[Dataset extract Boundary: Start]

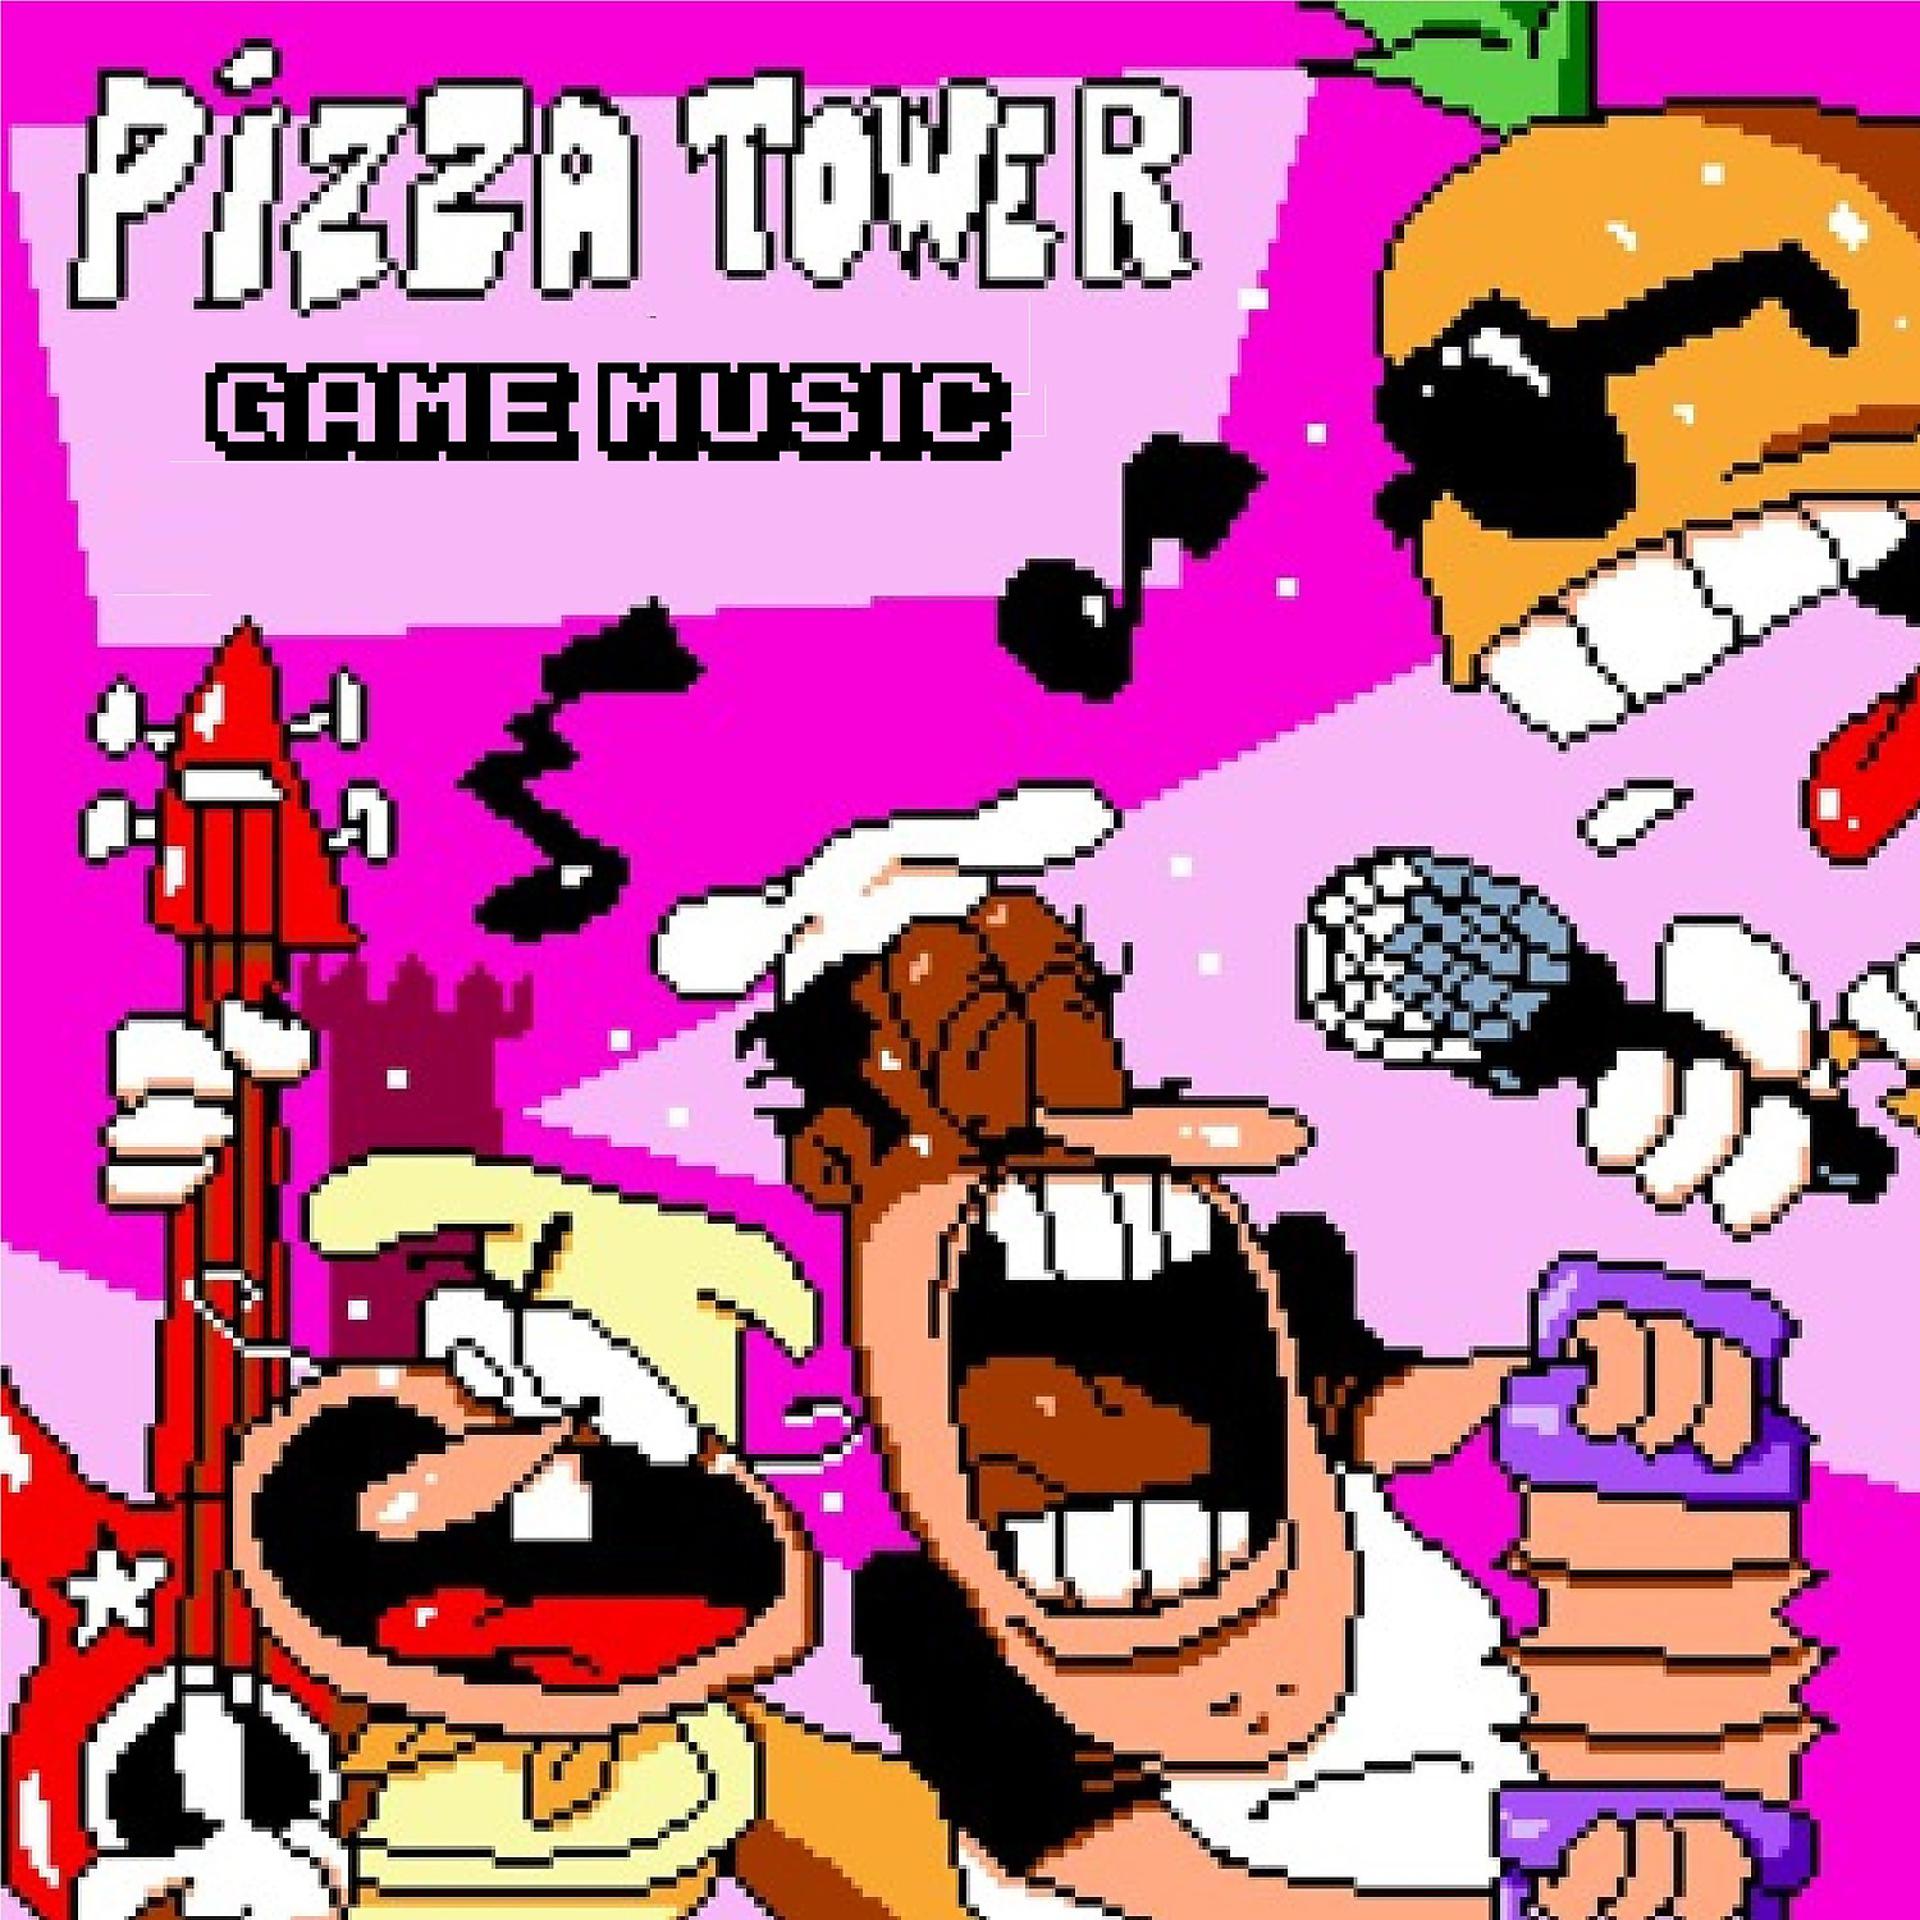 Пицца тавер 1.1. Pizza Tower OST. Pizza Tower русская версия. Peppino pizza Tower. Pizza Tower игра.
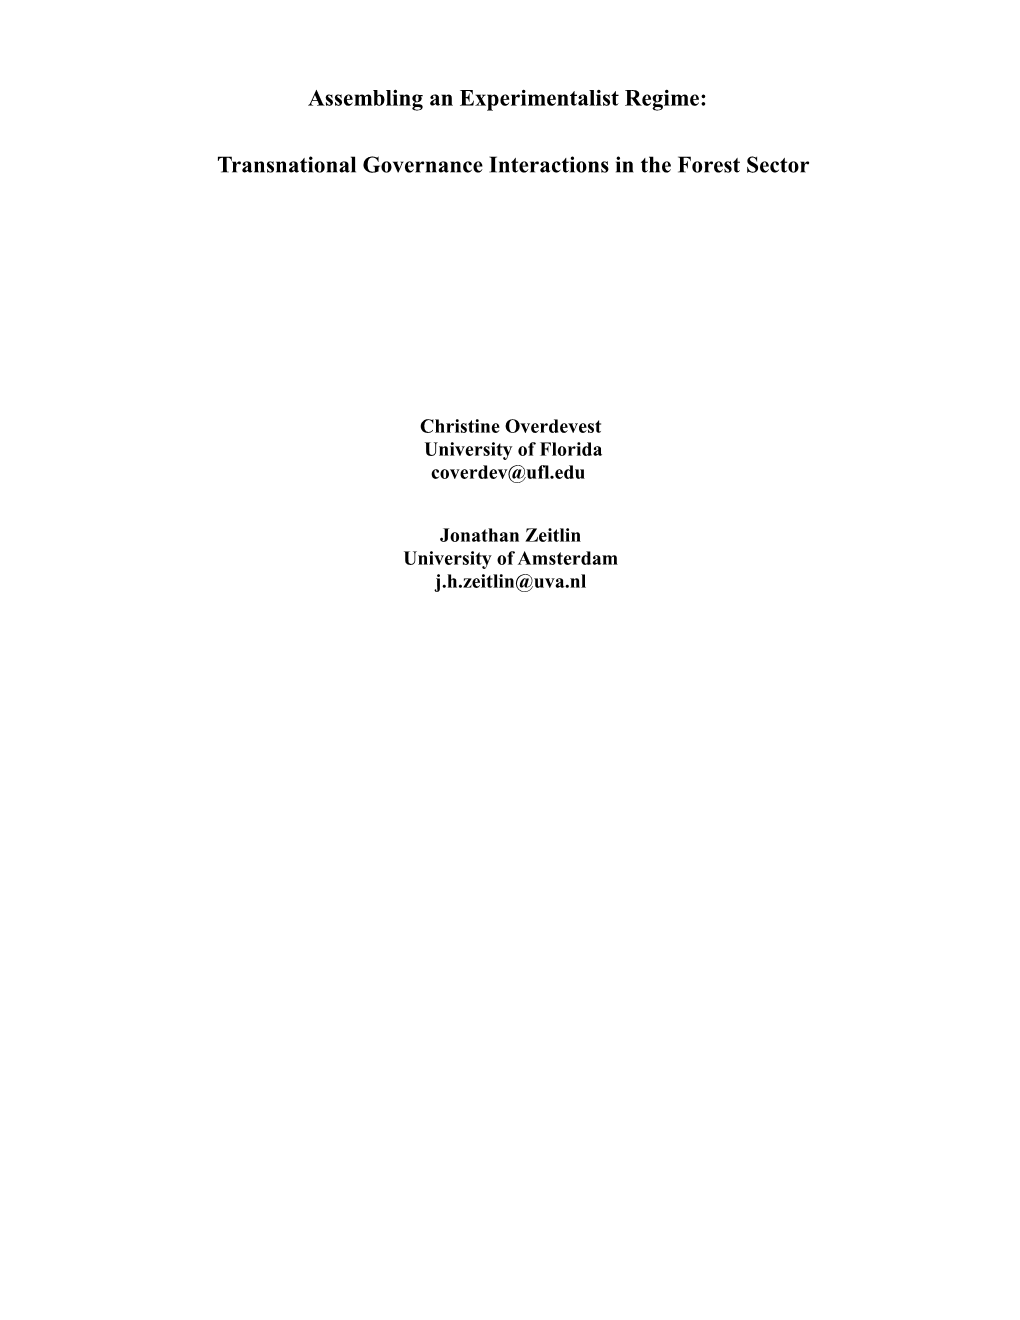 Assembling an Experimentalist Regime: Transnational Governance Interactions in the Forest
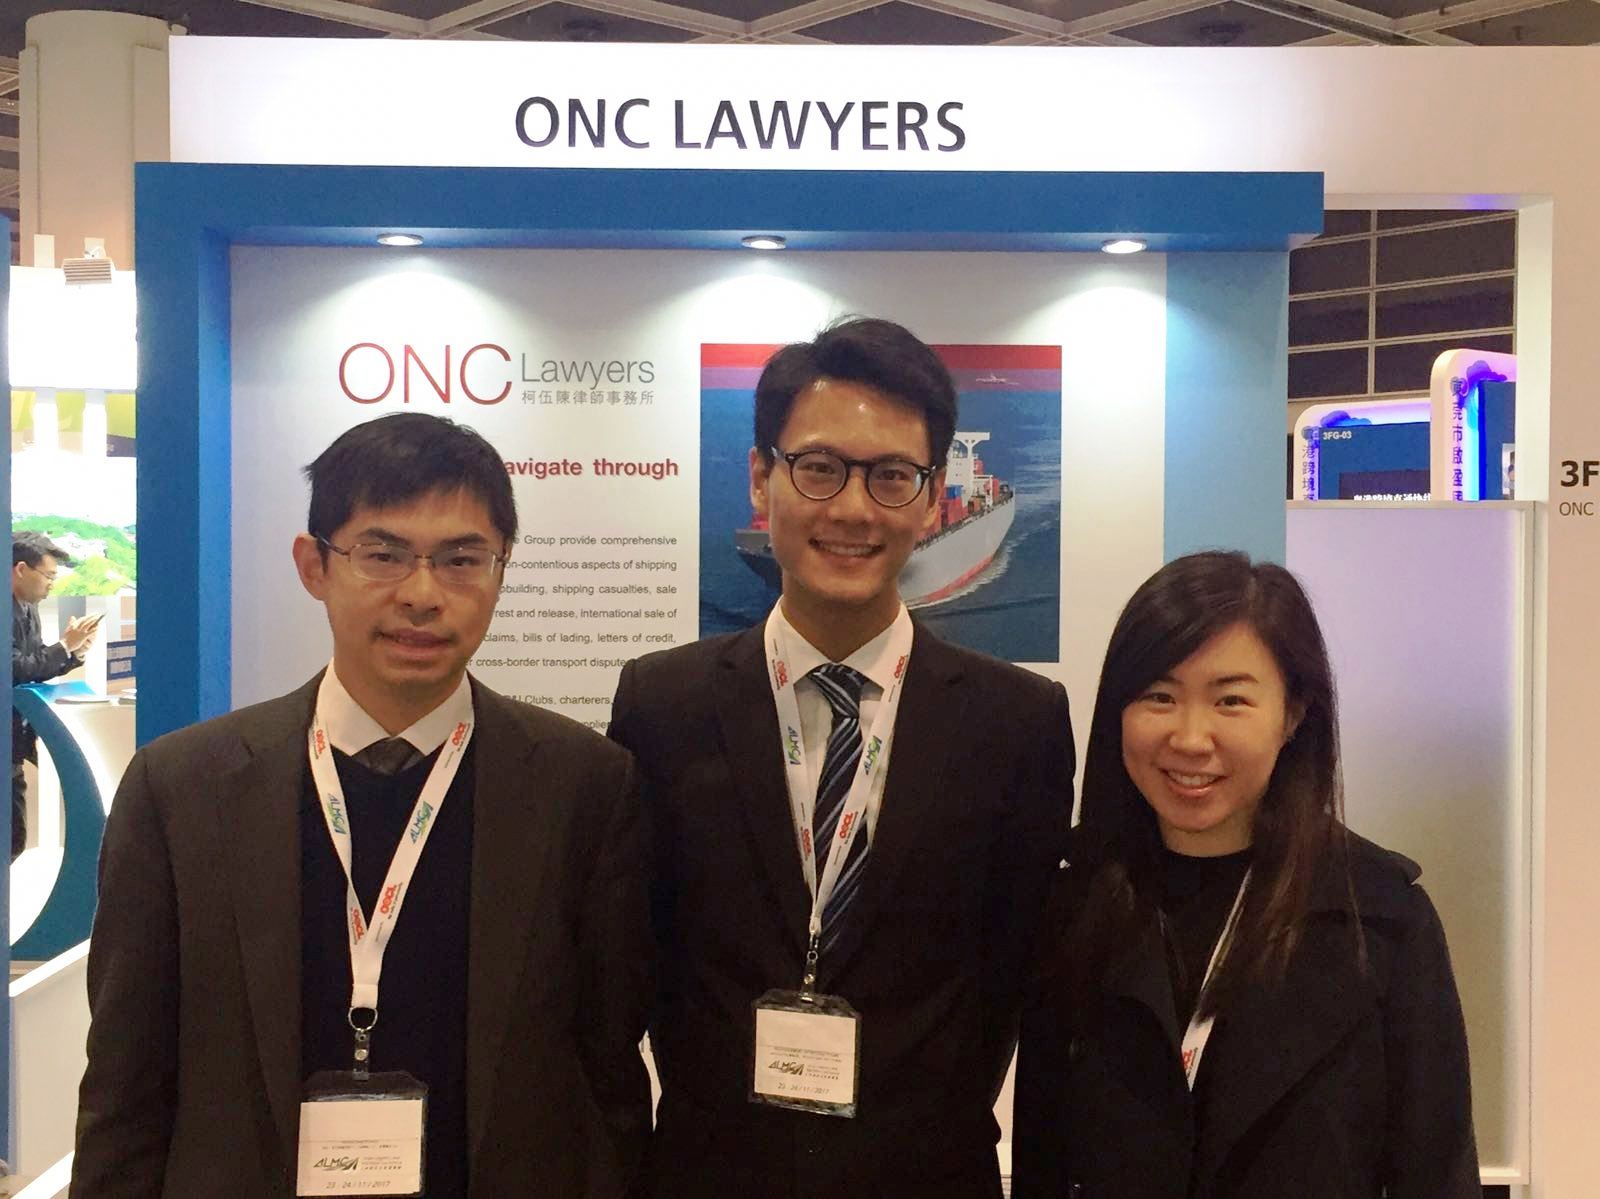 ONC Lawyers participated in the Asian Logistics and Maritime Conference 2017

[Dataset extract Boundary: End]

Transcribe all the data word for word; the images stay out.

 Пицца тавер 1.1. Pizza Tower OST. Pizza Tower русская версия. Peppino pizza Tower. Pizza Tower игра.
 Assembling an Experimentalist Regime: Transnational Governance Interactions in the Forest
 ONC Lawyers participated in the Asian Logistics and Maritime Conference 2017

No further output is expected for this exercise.